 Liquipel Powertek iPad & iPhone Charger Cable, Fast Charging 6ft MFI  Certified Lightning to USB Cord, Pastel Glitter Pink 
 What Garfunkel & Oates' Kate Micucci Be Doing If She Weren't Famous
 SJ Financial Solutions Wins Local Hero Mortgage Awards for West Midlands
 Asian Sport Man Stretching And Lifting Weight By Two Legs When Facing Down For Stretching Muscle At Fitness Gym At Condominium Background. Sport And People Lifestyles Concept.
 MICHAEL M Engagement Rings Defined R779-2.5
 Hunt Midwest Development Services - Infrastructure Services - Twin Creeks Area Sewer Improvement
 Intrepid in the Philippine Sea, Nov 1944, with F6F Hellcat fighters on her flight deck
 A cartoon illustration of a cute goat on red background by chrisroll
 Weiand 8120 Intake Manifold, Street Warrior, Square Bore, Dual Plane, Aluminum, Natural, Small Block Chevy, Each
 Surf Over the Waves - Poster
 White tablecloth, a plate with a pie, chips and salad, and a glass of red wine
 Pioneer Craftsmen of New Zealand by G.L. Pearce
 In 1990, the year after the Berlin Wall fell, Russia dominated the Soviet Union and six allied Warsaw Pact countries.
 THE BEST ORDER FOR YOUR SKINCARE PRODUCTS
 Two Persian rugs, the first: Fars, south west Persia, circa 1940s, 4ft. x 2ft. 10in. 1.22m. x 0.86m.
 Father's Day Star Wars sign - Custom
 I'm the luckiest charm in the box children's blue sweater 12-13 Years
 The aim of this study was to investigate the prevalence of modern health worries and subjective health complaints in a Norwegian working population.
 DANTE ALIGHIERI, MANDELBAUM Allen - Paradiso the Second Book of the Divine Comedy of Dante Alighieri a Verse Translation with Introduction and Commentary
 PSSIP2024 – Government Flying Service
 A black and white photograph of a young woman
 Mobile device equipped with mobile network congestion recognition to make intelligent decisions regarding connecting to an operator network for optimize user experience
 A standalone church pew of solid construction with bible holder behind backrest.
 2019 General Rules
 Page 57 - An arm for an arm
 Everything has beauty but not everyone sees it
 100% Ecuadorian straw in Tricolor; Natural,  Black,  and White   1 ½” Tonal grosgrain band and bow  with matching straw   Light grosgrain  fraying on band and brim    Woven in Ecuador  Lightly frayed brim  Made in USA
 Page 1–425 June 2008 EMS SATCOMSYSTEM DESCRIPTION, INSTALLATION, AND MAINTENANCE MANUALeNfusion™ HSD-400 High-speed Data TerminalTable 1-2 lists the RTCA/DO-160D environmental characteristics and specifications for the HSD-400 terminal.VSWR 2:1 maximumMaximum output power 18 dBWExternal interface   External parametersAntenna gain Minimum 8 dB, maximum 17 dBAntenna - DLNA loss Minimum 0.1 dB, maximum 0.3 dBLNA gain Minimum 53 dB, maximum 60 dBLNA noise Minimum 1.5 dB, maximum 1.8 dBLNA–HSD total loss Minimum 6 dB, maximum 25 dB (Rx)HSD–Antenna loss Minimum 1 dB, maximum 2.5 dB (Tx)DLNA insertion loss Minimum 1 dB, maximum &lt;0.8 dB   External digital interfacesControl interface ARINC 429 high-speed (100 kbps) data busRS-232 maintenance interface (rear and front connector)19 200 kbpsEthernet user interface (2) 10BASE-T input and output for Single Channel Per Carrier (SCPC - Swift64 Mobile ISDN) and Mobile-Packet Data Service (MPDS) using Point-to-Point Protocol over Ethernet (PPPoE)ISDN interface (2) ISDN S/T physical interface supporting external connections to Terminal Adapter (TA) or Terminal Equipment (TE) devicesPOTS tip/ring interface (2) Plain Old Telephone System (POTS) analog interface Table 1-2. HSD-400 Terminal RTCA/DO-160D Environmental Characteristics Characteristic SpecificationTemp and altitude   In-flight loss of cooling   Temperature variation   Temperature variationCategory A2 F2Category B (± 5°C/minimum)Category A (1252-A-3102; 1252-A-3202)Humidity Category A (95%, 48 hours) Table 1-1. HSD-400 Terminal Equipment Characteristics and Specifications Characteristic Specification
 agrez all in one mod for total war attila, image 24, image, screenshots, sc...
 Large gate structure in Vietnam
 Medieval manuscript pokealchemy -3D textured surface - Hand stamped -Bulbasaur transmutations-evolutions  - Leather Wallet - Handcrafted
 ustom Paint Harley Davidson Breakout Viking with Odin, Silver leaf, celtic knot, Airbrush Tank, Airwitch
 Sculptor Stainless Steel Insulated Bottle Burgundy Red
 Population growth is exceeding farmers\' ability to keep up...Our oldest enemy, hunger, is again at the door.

================

Activity — Please give back the records exactly as written, beginning at the first line and including the line that holds "Asian Sport Man" as the last.

Result of the task —
 Liquipel Powertek iPad & iPhone Charger Cable, Fast Charging 6ft MFI  Certified Lightning to USB Cord, Pastel Glitter Pink 
 What Garfunkel & Oates' Kate Micucci Be Doing If She Weren't Famous
 SJ Financial Solutions Wins Local Hero Mortgage Awards for West Midlands
 Asian Sport Man Stretching And Lifting Weight By Two Legs When Facing Down For Stretching Muscle At Fitness Gym At Condominium Background. Sport And People Lifestyles Concept.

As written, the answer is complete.